Objectives In general populations, the adverse effects of smoking on coronary risk have been demonstrated to be greater in women than in men; whether this is true for individuals with diabetes is unclear.

Design Cohort study.

Setting 20 countries worldwide participating in the ADVANCE (Action in Diabetes and Vascular Disease: Preterax and Diamicron modified release Controlled Evaluation) trial.

Participants 11 140 patients with type 2 diabetes aged ≥55 years and in cardiovascular risk at the time of randomisation.

Primary and secondary outcome measures Major cardiovascular events (death from cardiovascular disease, non-fatal stroke or non-fatal myocardial infarction (MI)), all cardiovascular events (major cardiovascular event or peripheral arterial disease or transient ischaemic attack), and all-cause mortality. Secondary outcome measures were major coronary events (fatal and non-fatal MI), major cerebrovascular events (fatal and non-fatal stroke), nephropathy (new or worsening renal disease), and all cancer.
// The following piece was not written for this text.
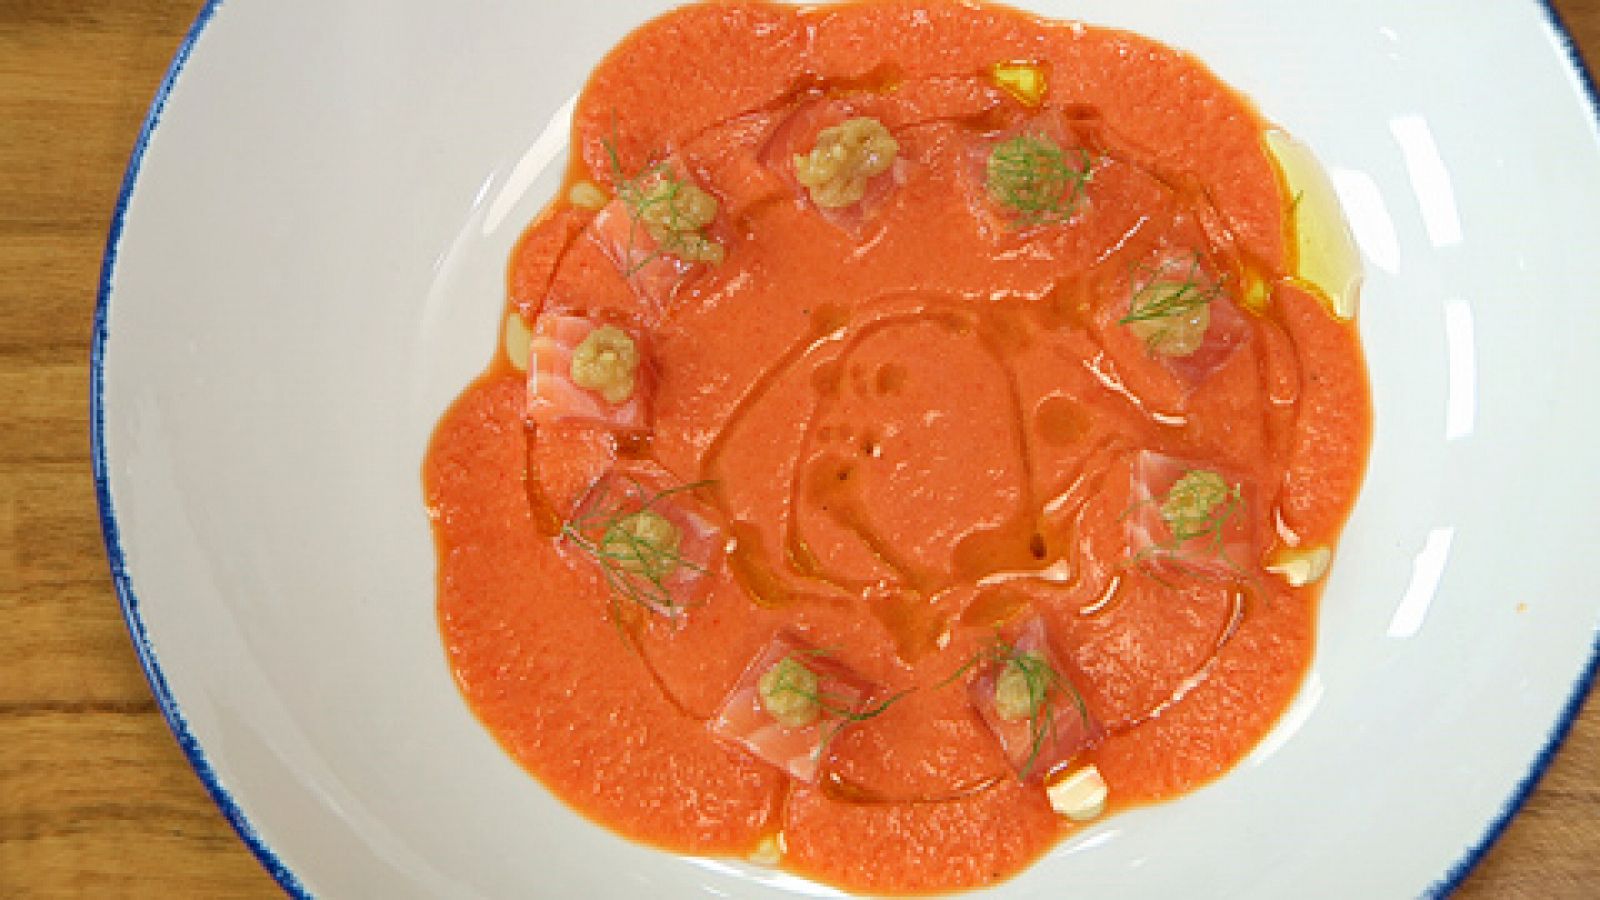 Torres en la cocina - Sopa de verduras con salmón
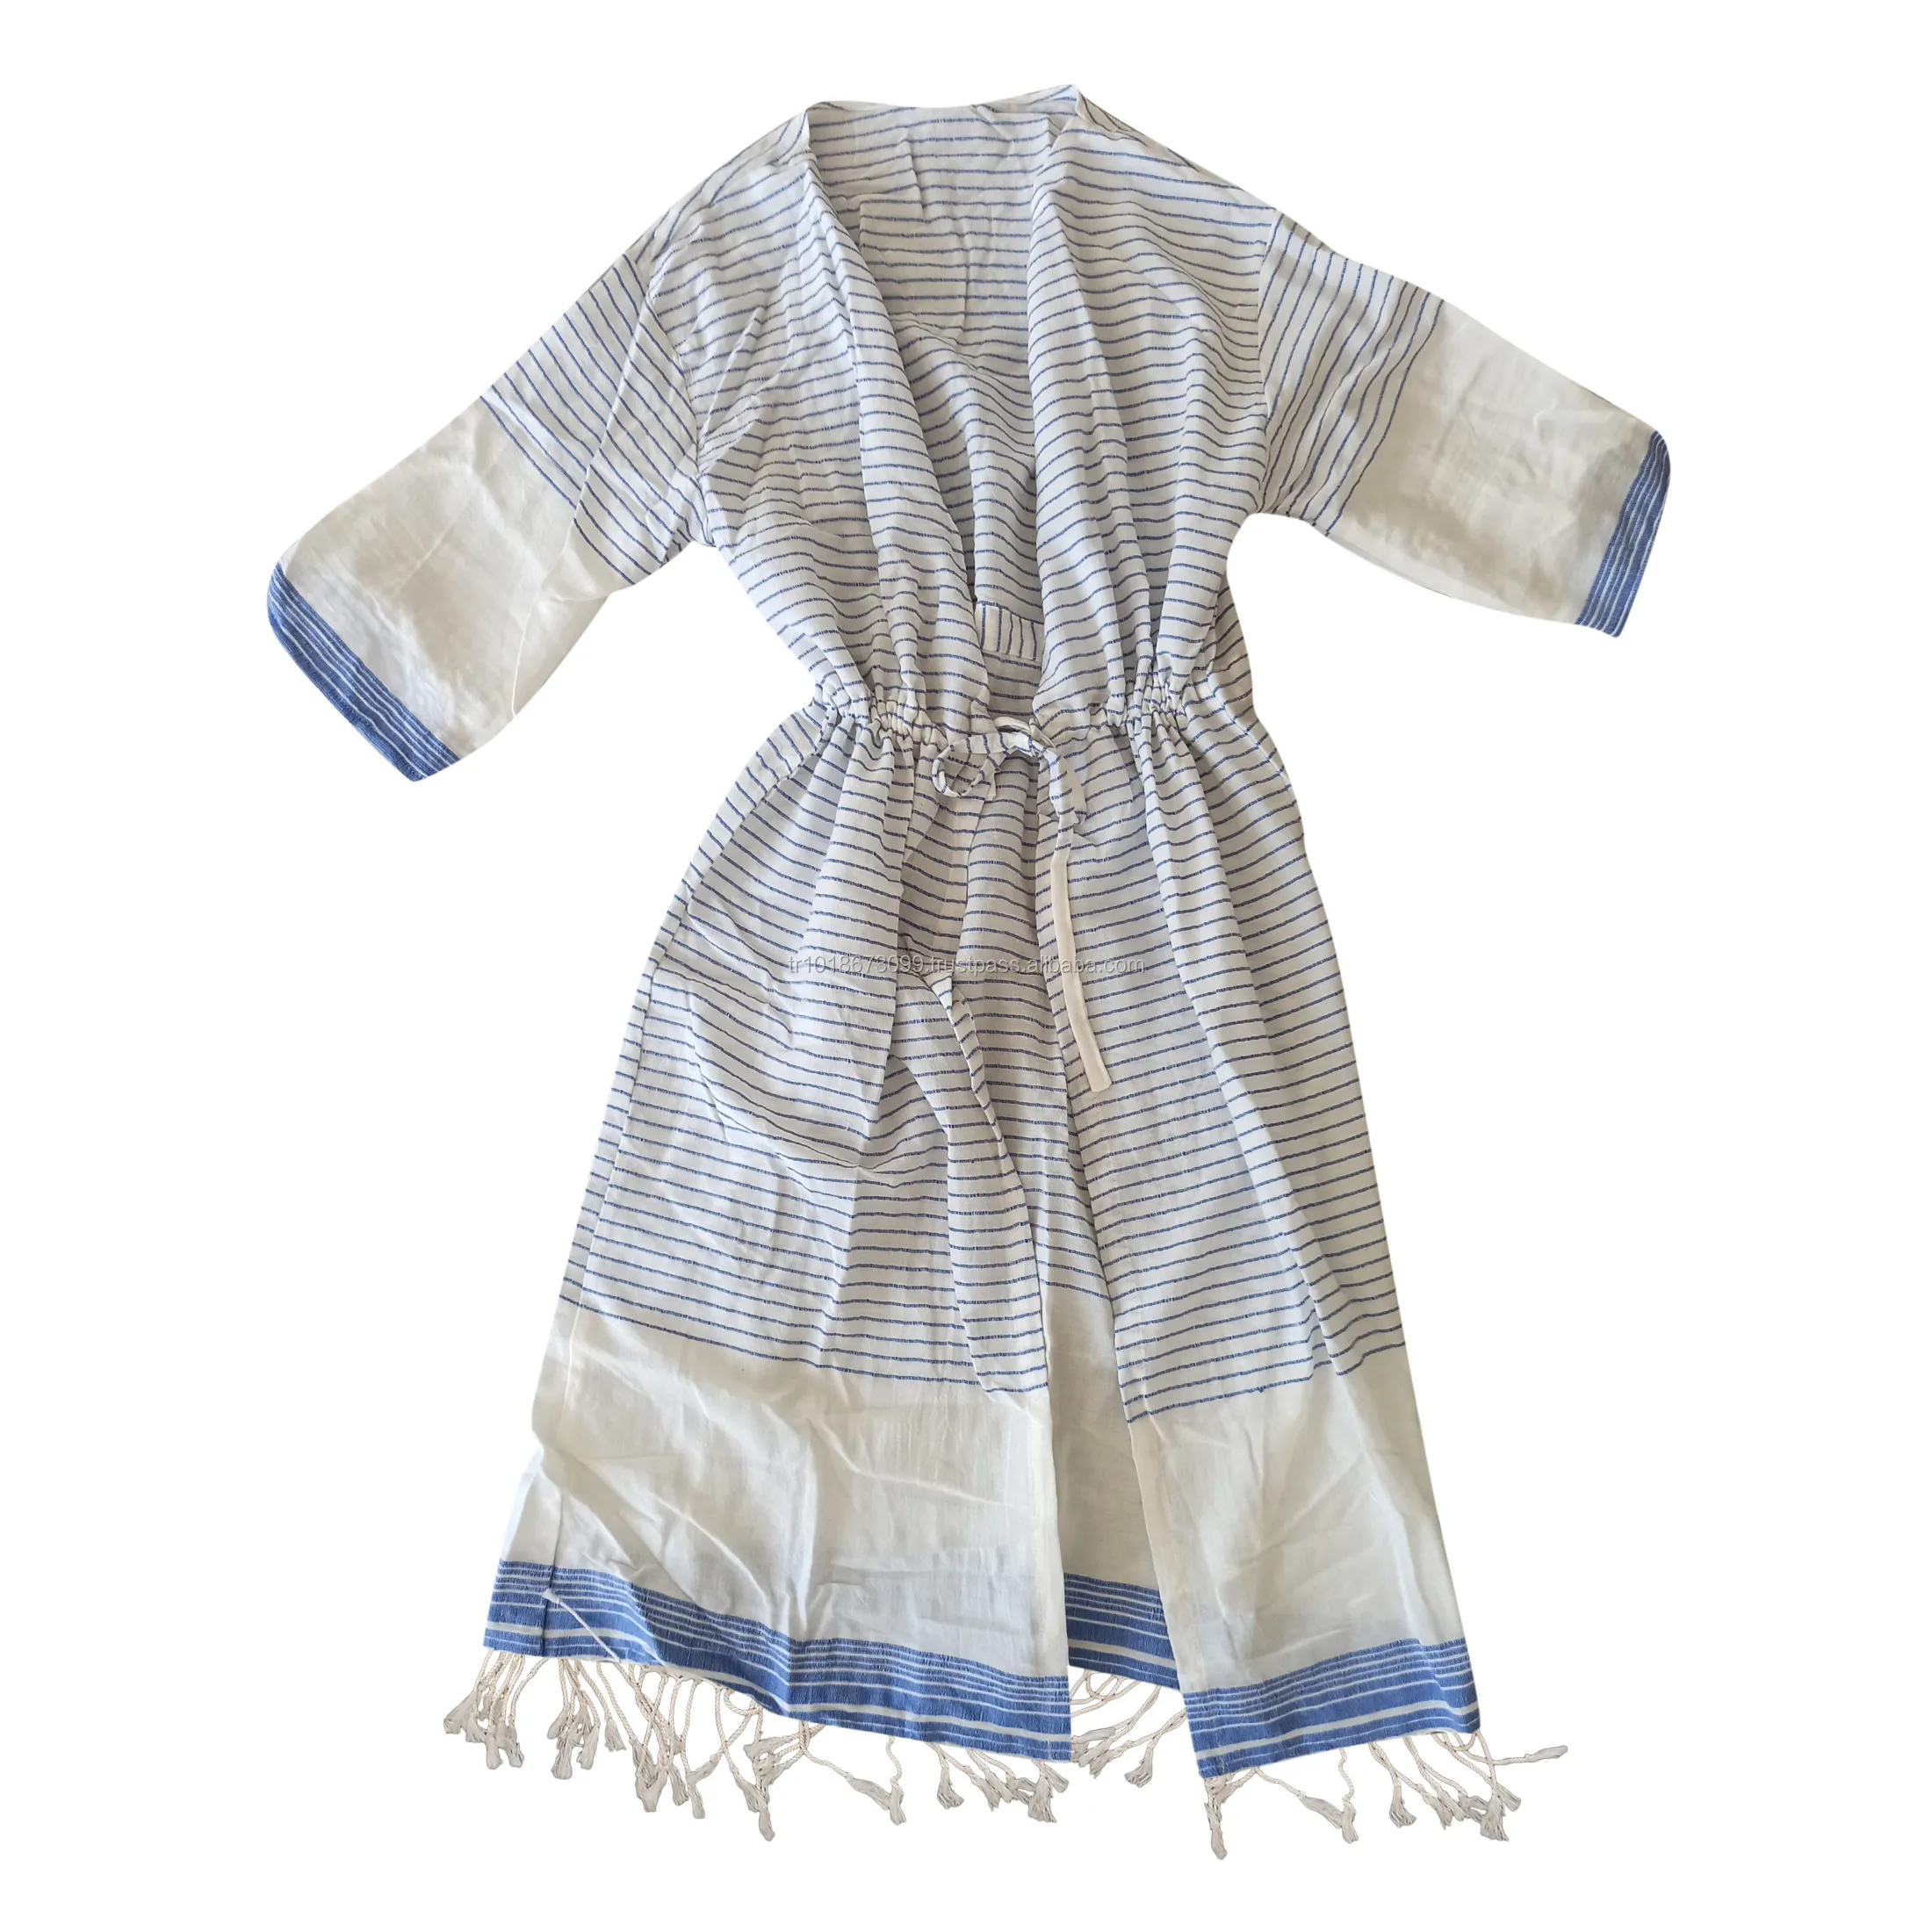 Халат хлопковый для женщин и мужчин, изготовленный в Турции, дышащая ткань, легкий, бестселлер, турецкие халаты

Results At baseline, 6466 (56% women) participants were never-smokers, 1550 (28% women) were daily smokers and 3124 (21% women) were former smokers. Median follow-up time was 5 years. In Cox regression models after multiple adjustments, compared with never smoking, daily smoking was associated with increased risk of all primary and secondary outcomes with the exception of major cerebrovascular disease. Only for major coronary events was there any evidence of a stronger effect in women than in men (ratio of the adjusted HRs women:men; 1.64 (0.83 to 3.26) p=0.08). For all other outcomes considered, the hazards of smoking were similar in men and women. Quitting smoking was associated with a 30% reduction in all-cause mortality (p=0.001) in both sexes.

Conclusions In individuals with diabetes, the effects of smoking on all major forms of cardiovascular disease are equally as hazardous in women and men with the possible exception of major coronary events where there was some evidence of a greater hazard in women.

Trial registration number NCT00145925.